Katar 2022 Dünya Kupası, kupa tarihi açısından pek çok noktada ilklere ev sahipliği yaparken Katar açısından da küresel düzlemde tanınırlık, etki ve nüfuz kapasitesinin genişletilebilmesi adına önemli bir fırsat sunacak.
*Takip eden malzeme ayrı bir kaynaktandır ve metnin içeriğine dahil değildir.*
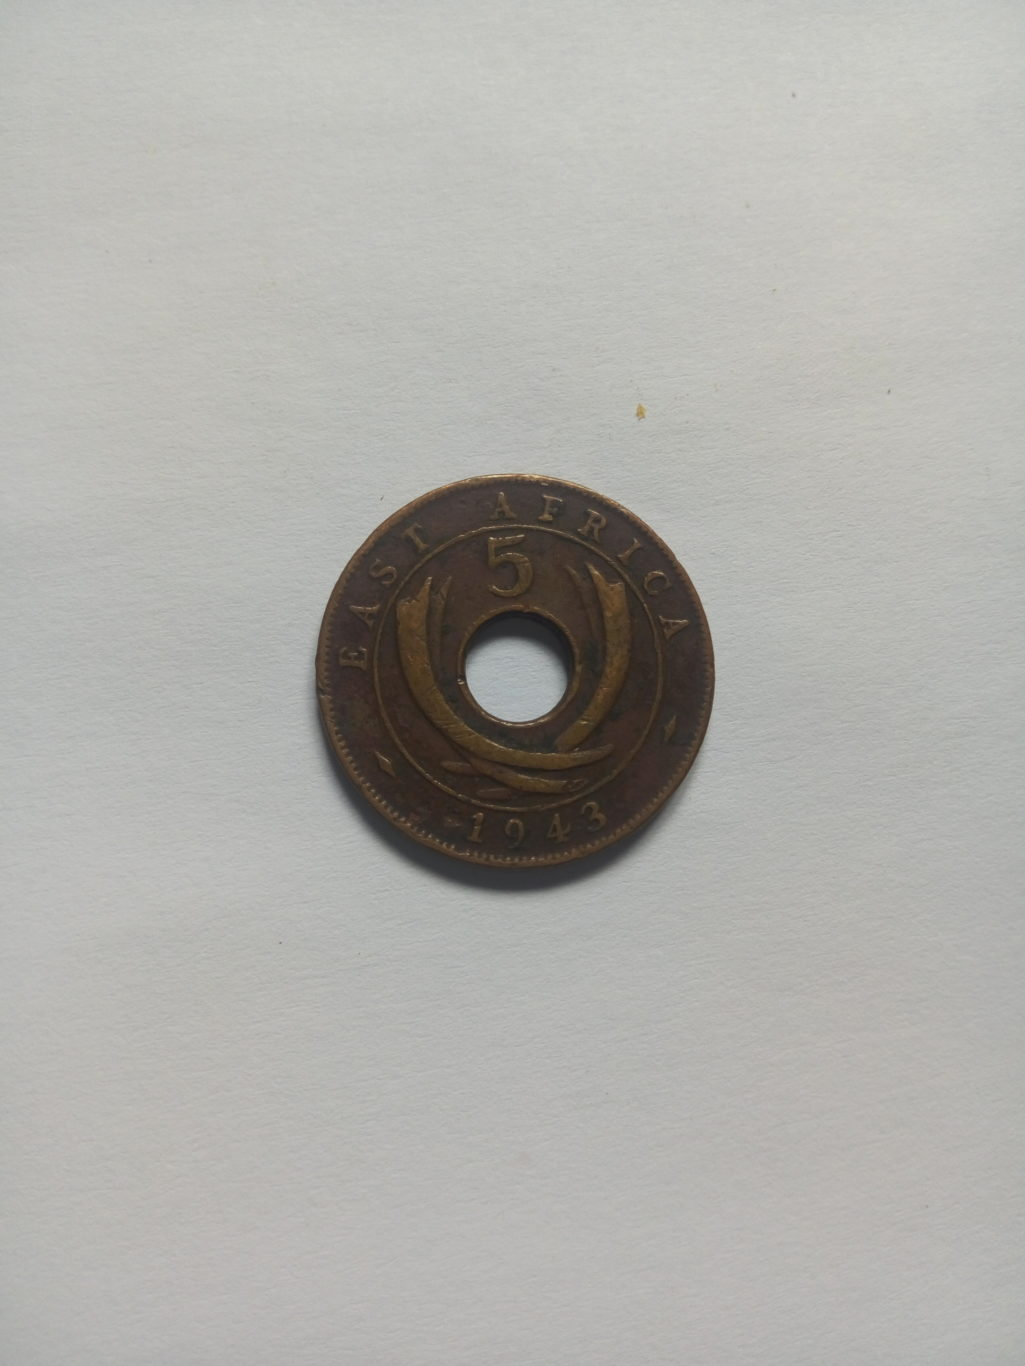 1943_georgivs V1 Rex 5 cents

 DÜNYANIN EN ÇOK takip edilen spor organizasyonu Dünya Kupası’na sayılı günler kala tüm dünyanın gözü kupaya ev sahipliği yapacak olan Katar’a çevrilmiş durumda. Katar 2022 Dünya Kupası, kupa tarihi açısından pek çok noktada ilklere ev sahipliği yapıyor. Her şeyden önce Dünya Kupası, tarihinde ilk defa yaz aylarında değil, Katar çöl sıcakları nedeniyle kış aylarında gerçekleştirilecek. Ayrıca bu kupa Ortadoğu’da ve bir Müslüman ülkesinde gerçekleşecek ilk Dünya Kupası olma özelliği taşıyor. Bu temel noktalar, henüz daha turnuva başlamadan pek çok tartışmayı küresel gündemin merkezine taşımış durumda. Dolayısıyla daha şimdiden organizasyonun gerçekleşeceği bir aylık (20 Kasım- 21 Aralık) sürecin de bir hayli ilginç geçeceğini söyleyebiliriz. 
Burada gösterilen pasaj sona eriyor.